── Records supplied

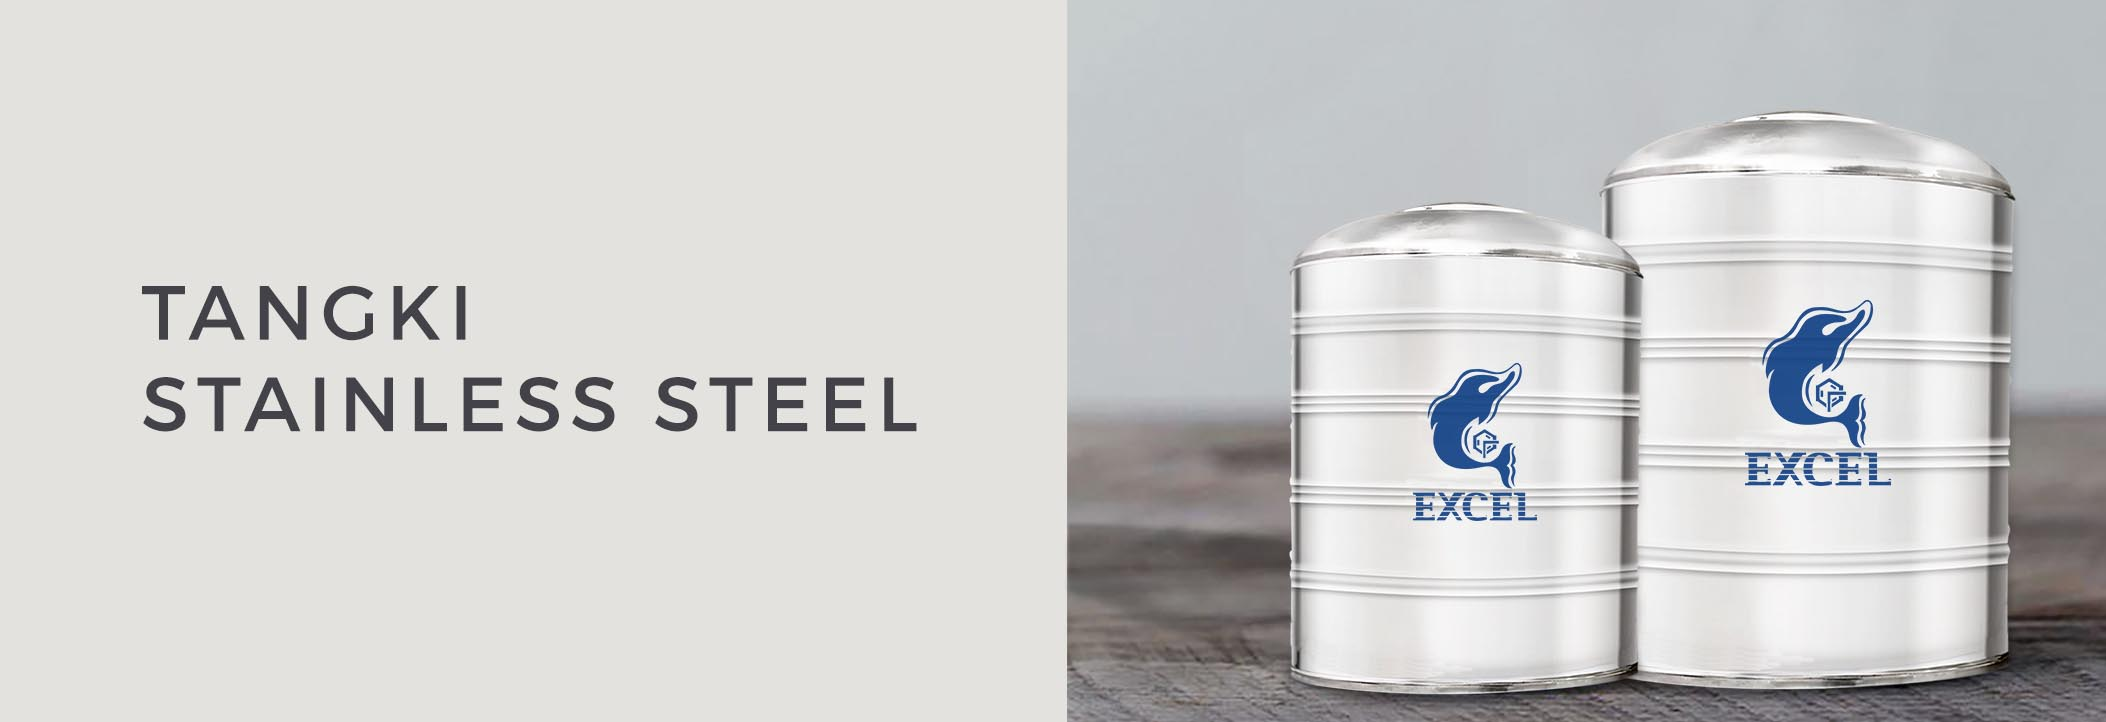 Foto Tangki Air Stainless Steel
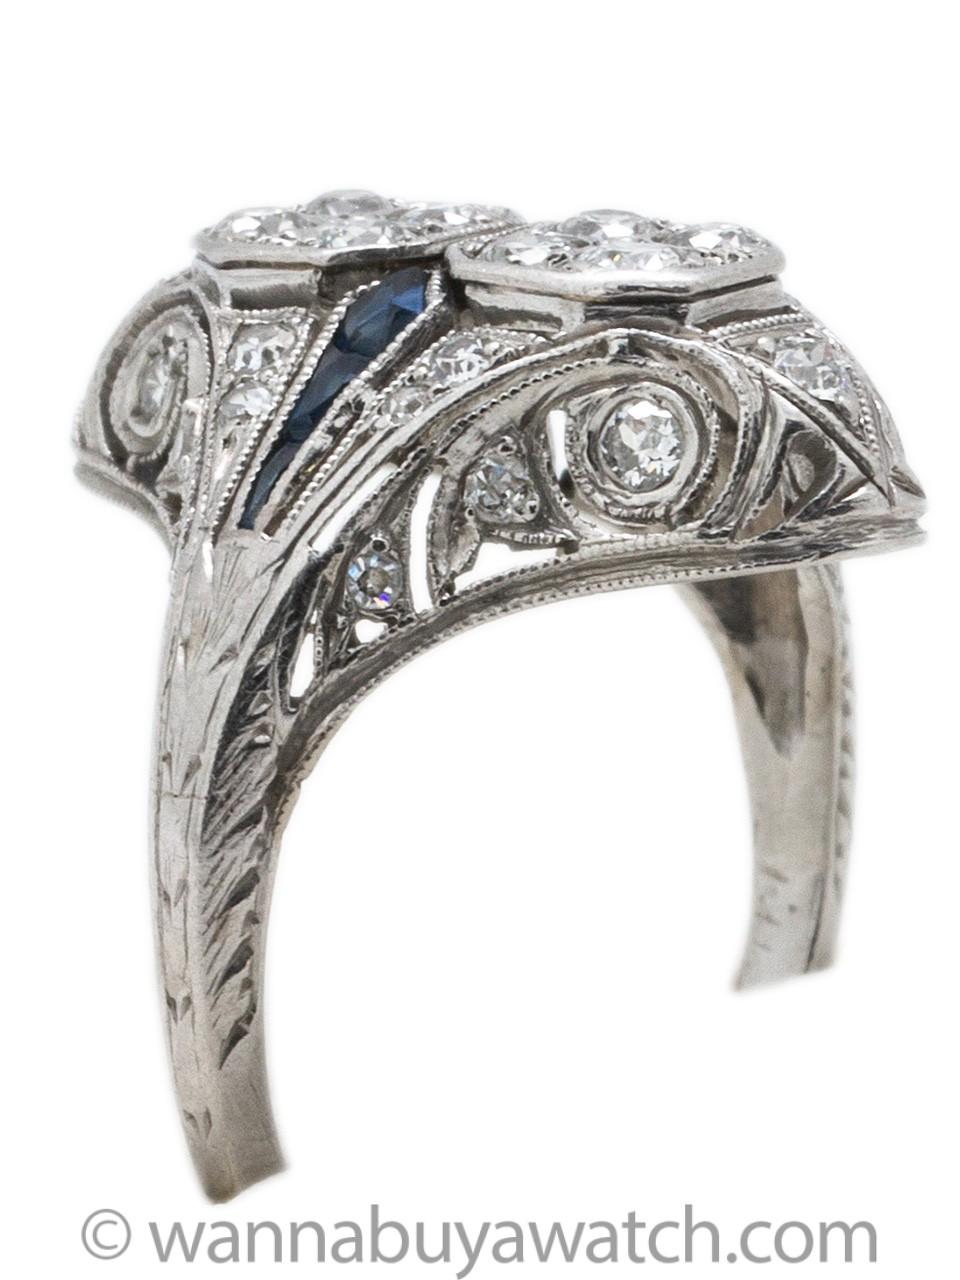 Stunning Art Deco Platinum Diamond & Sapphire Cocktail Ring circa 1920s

────
── Records supplied

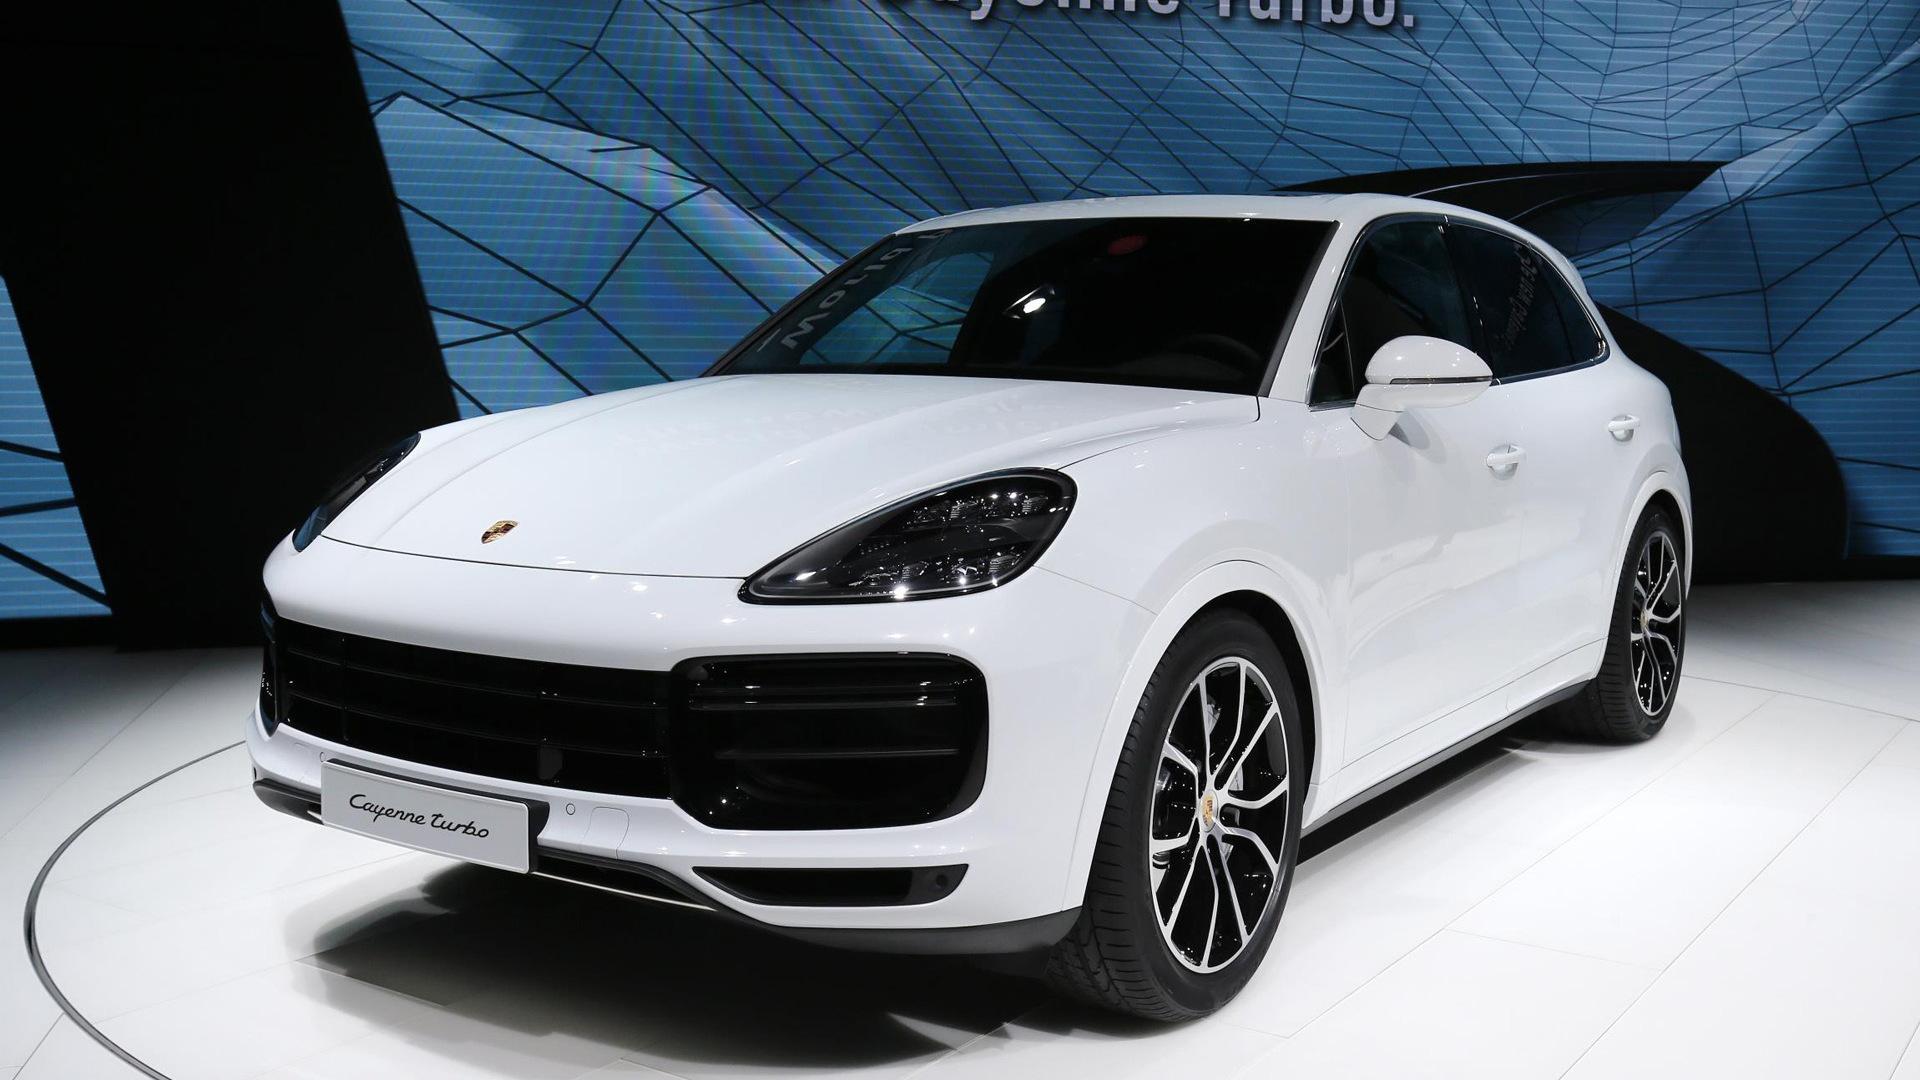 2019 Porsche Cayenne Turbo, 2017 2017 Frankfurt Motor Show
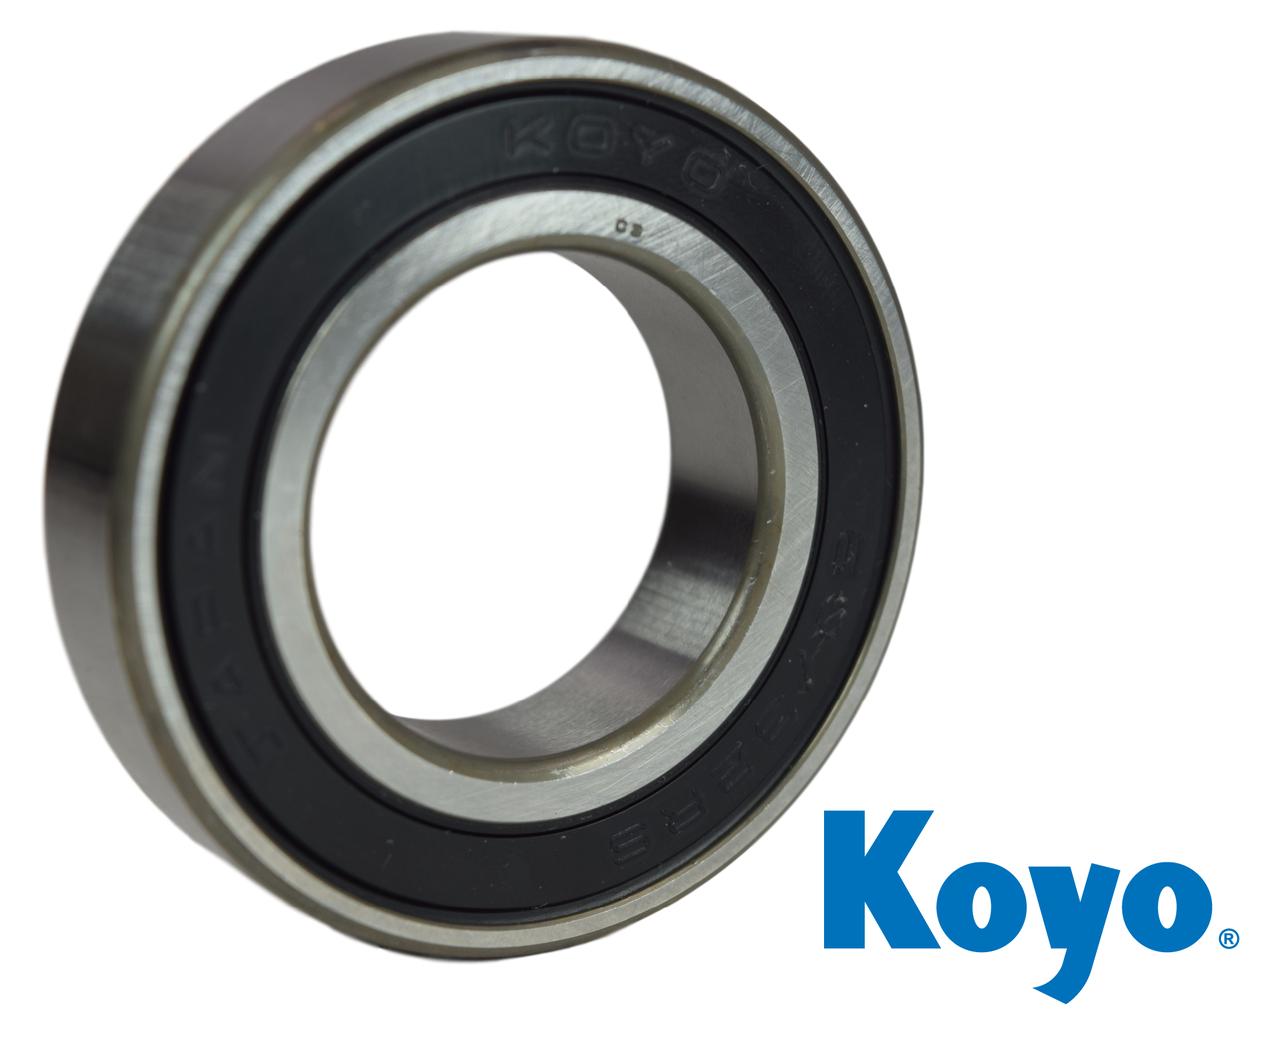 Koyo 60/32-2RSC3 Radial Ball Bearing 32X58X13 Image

────
── Records supplied

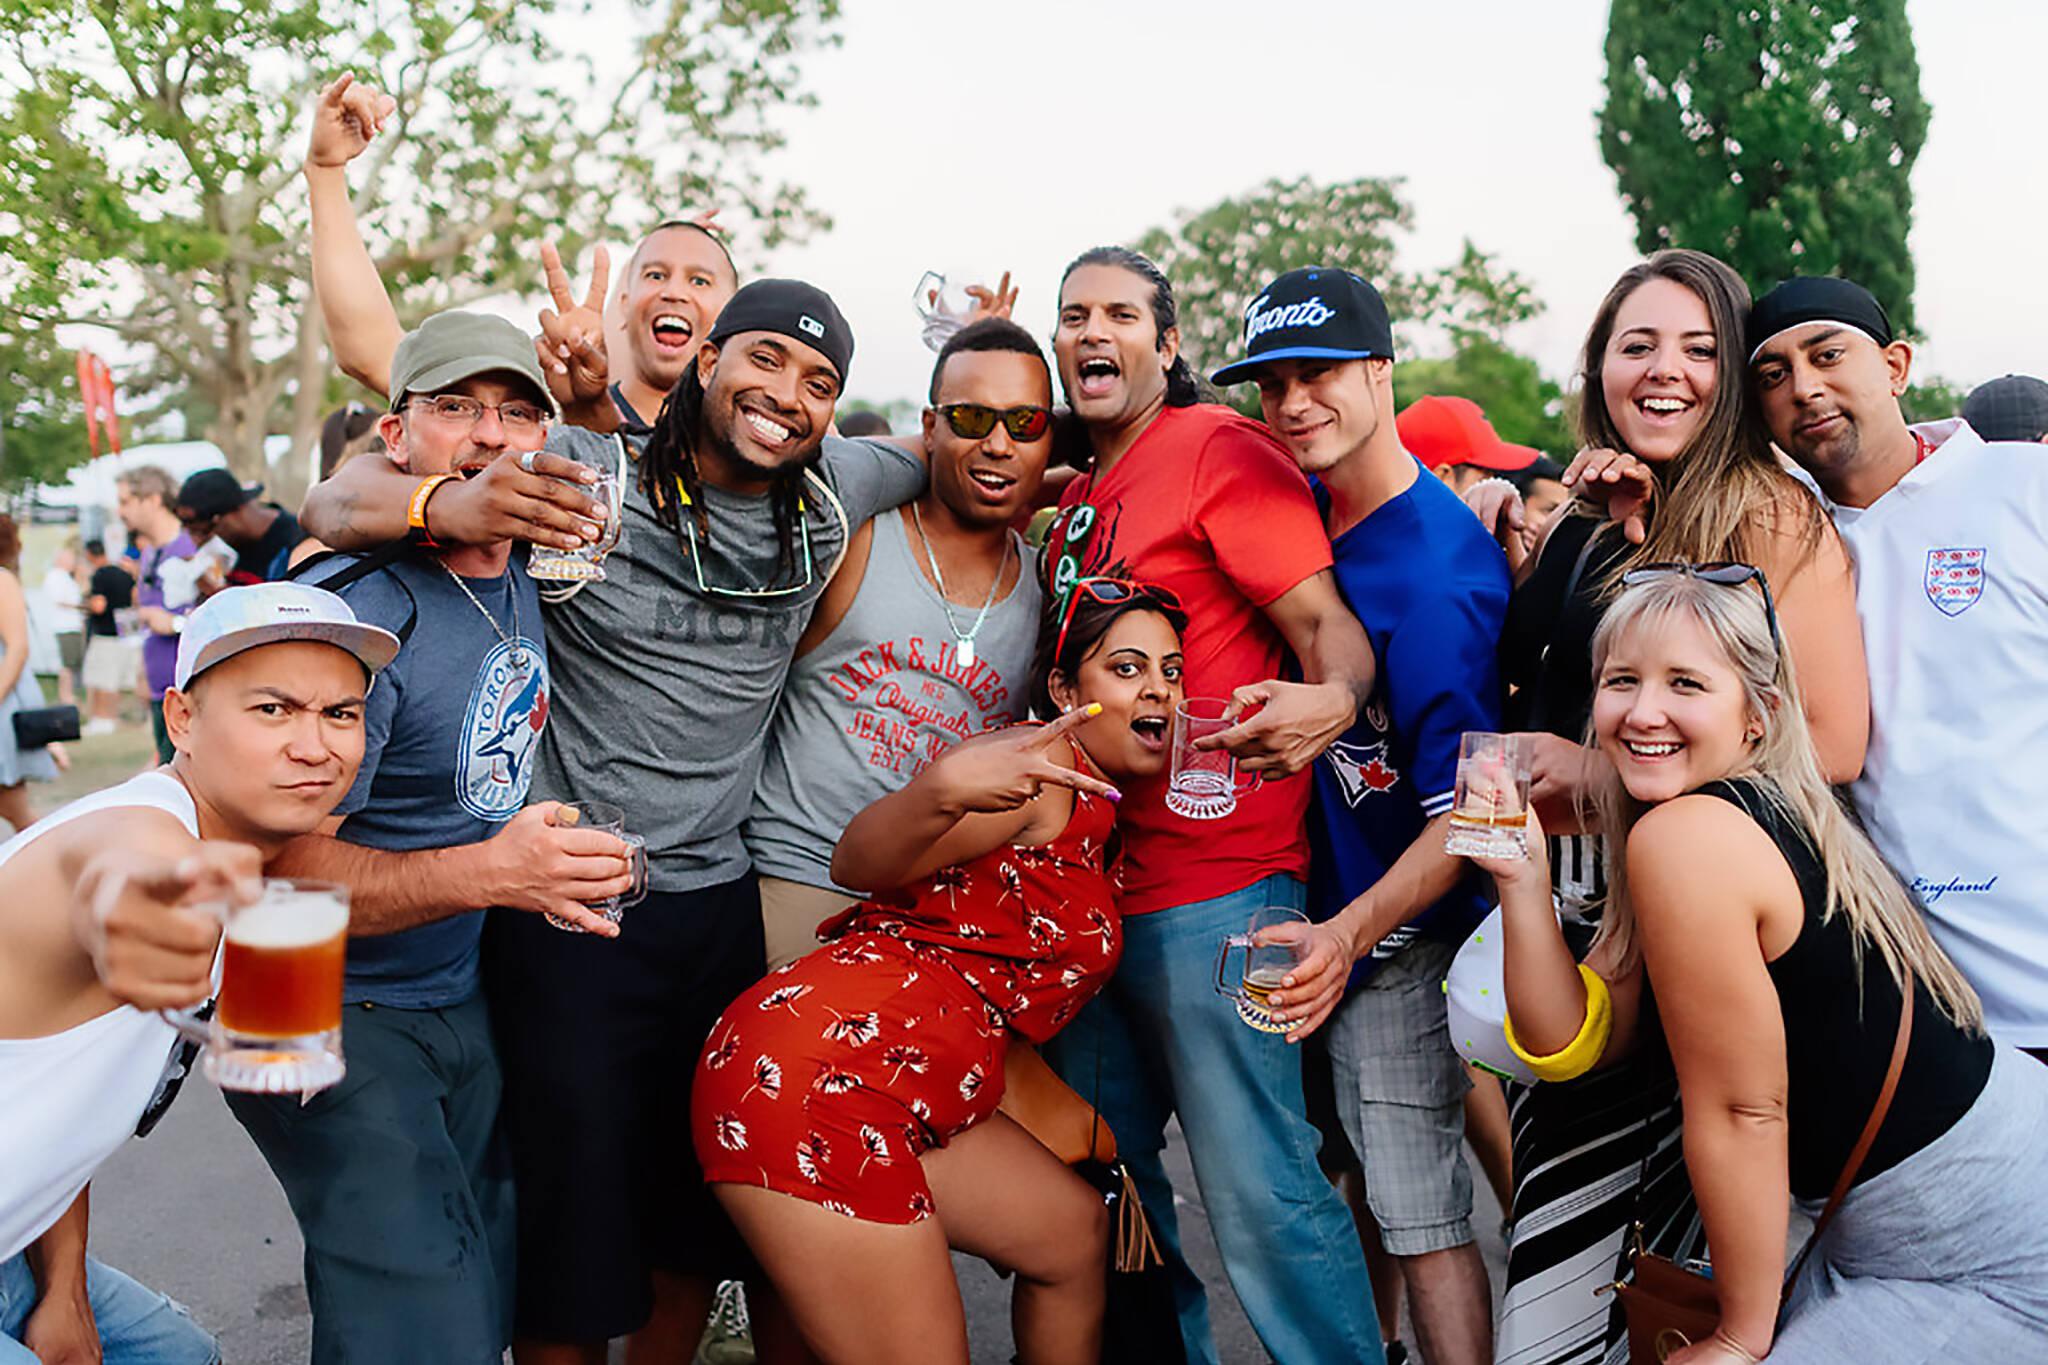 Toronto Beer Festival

────

__Task to carry out__
Every line from the one with "Foto Tangki Air Stainless Steel" through the one with "Stunning Art Deco" is to be reproduced exactly as written above, and the pictures are to be dropped.

__Result of the exercise__
 Foto Tangki Air Stainless Steel
 Stunning Art Deco Platinum Diamond & Sapphire Cocktail Ring circa 1920s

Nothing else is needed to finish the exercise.